In the event that positive GDP data for the U.S. to begin the transfer of funds from the protected assets in shares of oil and metallurgical sectors
Movie promises to be interesting
On Friday equity markets frozen in anticipation of the U.S. GDP for the 2 nd quarter. In case of deviation from the real data forecast, we see sharp movements in stock markets. Let's try to analyze what we expect from the data on the economy of America for 2 square meters.
Let's start with the UK, published data on its GDP the previous week. They presented an unpleasant surprise for investors, showing a decline of -0.8% versus expectations of -0.3%. Hopes for a rapid exit the economy of this country of the worst recession did not materialize, even though the emergence of green sprout into a number of predictive indicators.
So, that includes data on U.S. GDP: consumption of goods and services, investment, government spending, balance of trade.
Special attention of investors in the GDP will certainly be drawn to the level of personal consumption of Americans, which currently occupies about 56% of U.S. GDP. Given that America is a net importer of goods and services from these data depends, as the level of potential exports from Europe and Asia, and the reduction of fear in the transfer of interest to Americans of the accumulation. I do not think that this component, we will see good numbers, considering that the unemployment rate in the country continues to grow and is approaching 10%, and the savings rate peaked in the last 14 years is 5.7%. Consumers traditionally cut their spending in order to withstand the worst conditions of the crisis for more than 60 years.
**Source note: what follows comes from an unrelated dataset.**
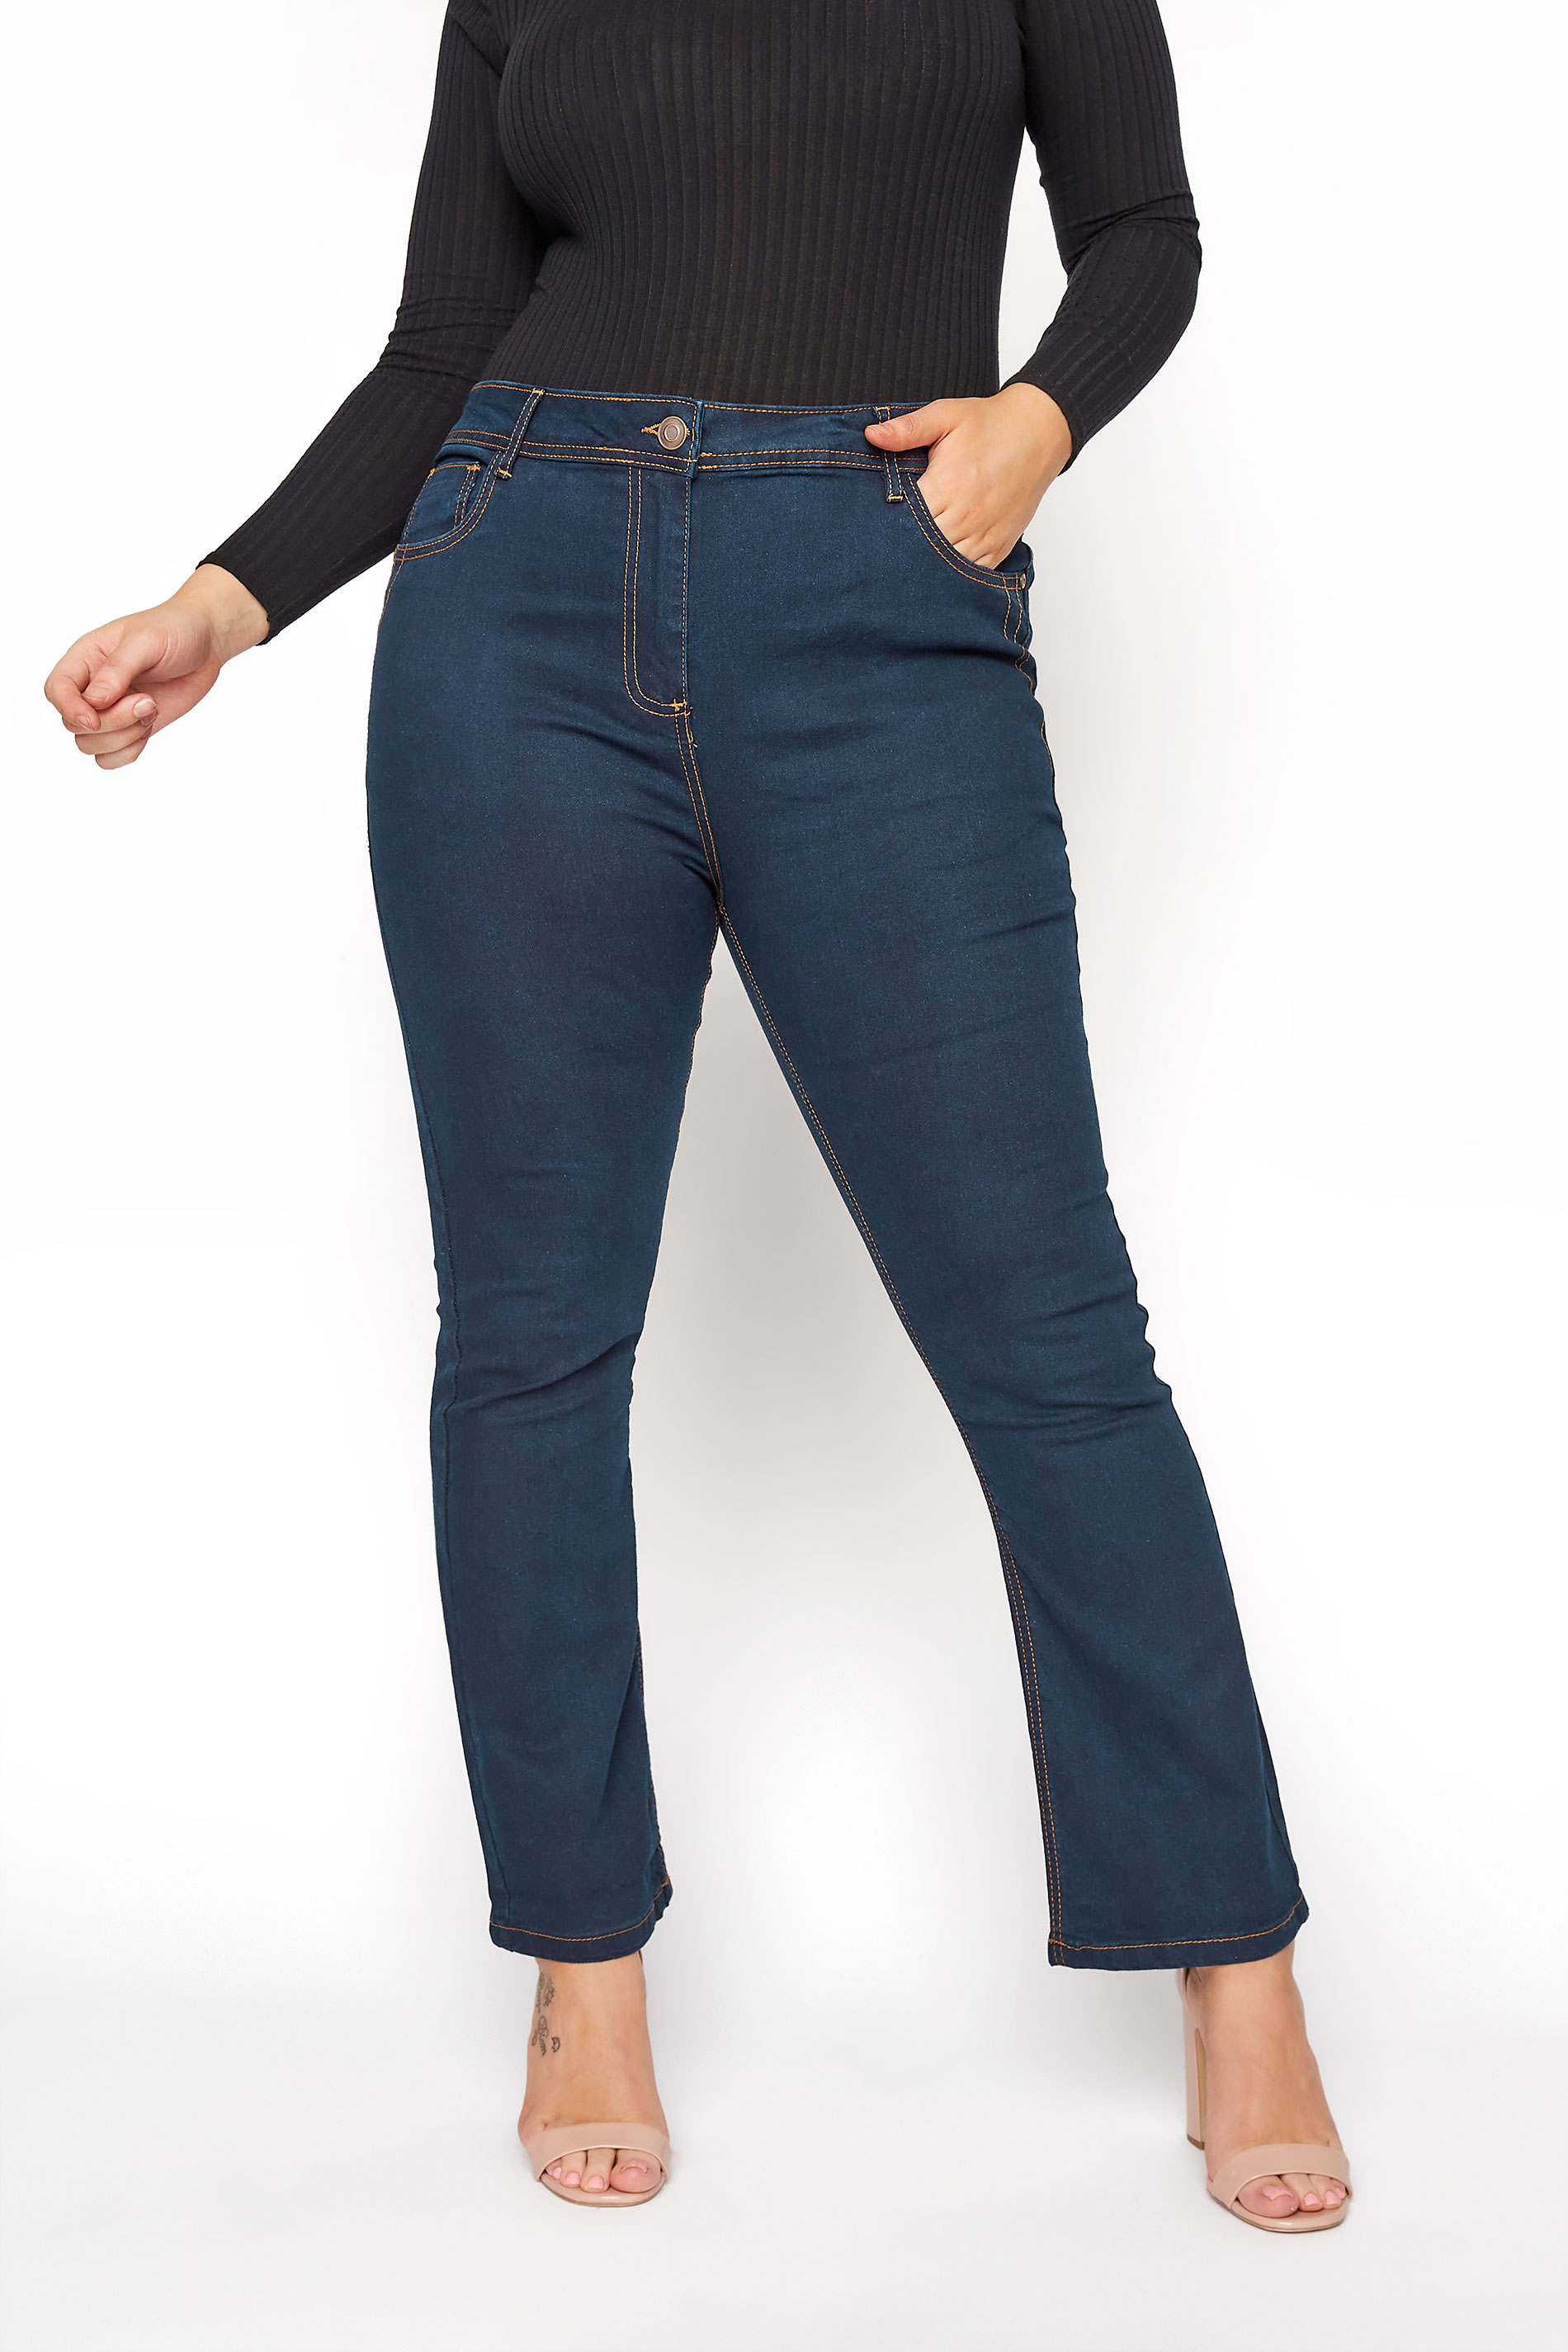 Indigo Bootcut 5 Pocket Denim Jeans Plus Size 16 to 32

component investment. In the second quarter of American companies have continued to work in the preservation of money, reducing capital and investment. For example, the total amount of loans 15 largest banks in the U.S. declined in the 2 nd quarter to 2.8% quarter /quarter., With more than half of total lending went to previously re-made, not on new loans.
Gosrashody in the United States in the second quarter of continued growth, mainly by raising social benefits. Last June, the budget deficit rose to $ 94.316 billion and reached $ 1.086 trillion.
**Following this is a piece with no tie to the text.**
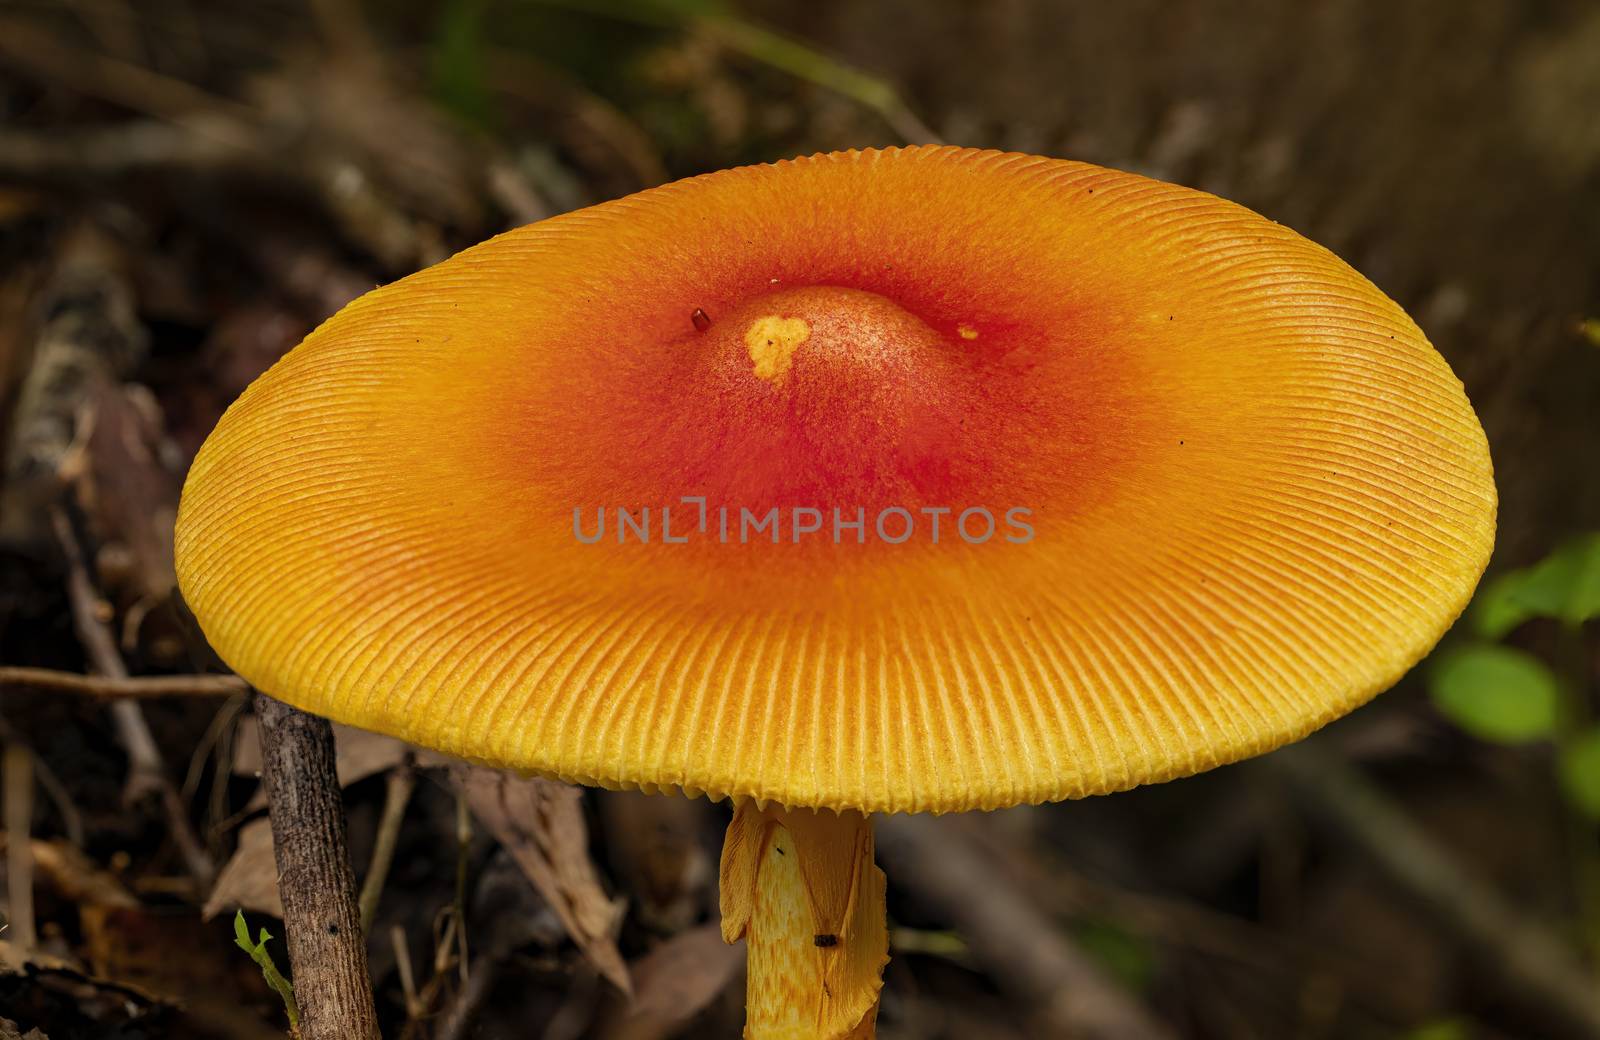 Large Yellow-orange Mushroom Glows in the Sunlight by CharlieFloyd

This component of the U.S. trade balance, perhaps, again play for the benefit of GDP growth. Recall that the U.S. trade deficit in May fell to a minimum since November 1999 and reached $ 25.96 billion last corporate accountability of American companies showed decline in sales volumes and export operations. Therefore, I think that in the 2 nd quarter, we no longer see past the pace of reducing U.S. trade deficits.
Thus, data on U.S. GDP, with the forecast of -1.5%, can give to an unpleasant surprise for investors and be a little worse than expectations. Weak U.S. GDP data will force investors to reconsider their medium-term priorities, as well as economic growth, to which we are accustomed, in the medium term is clearly weaker than forecasts. Hence, the rapid growth of stock indices this spring and summer was no more than a race for a ghost. Stock quotes and commodity contracts can quickly go down. It is also possible that the financial and stock markets react sluggishly to negative data on U.S. GDP, again confirming that they have lived their lives, far away from the real economy.
In the event that positive GDP data for the U.S., we will seecontinued transfer of speculative funds from the protected assets in stocks of cyclical companies: oil, metallurgy and mining sectors. True, too positive on the U.S. economy may raise the issue of phasing out programs to support the monetary economy and the possibilities to increase the refinancing rate.
So, be patient and take the place of the screen at 16.30 Moscow time. Movie promises to be interesting.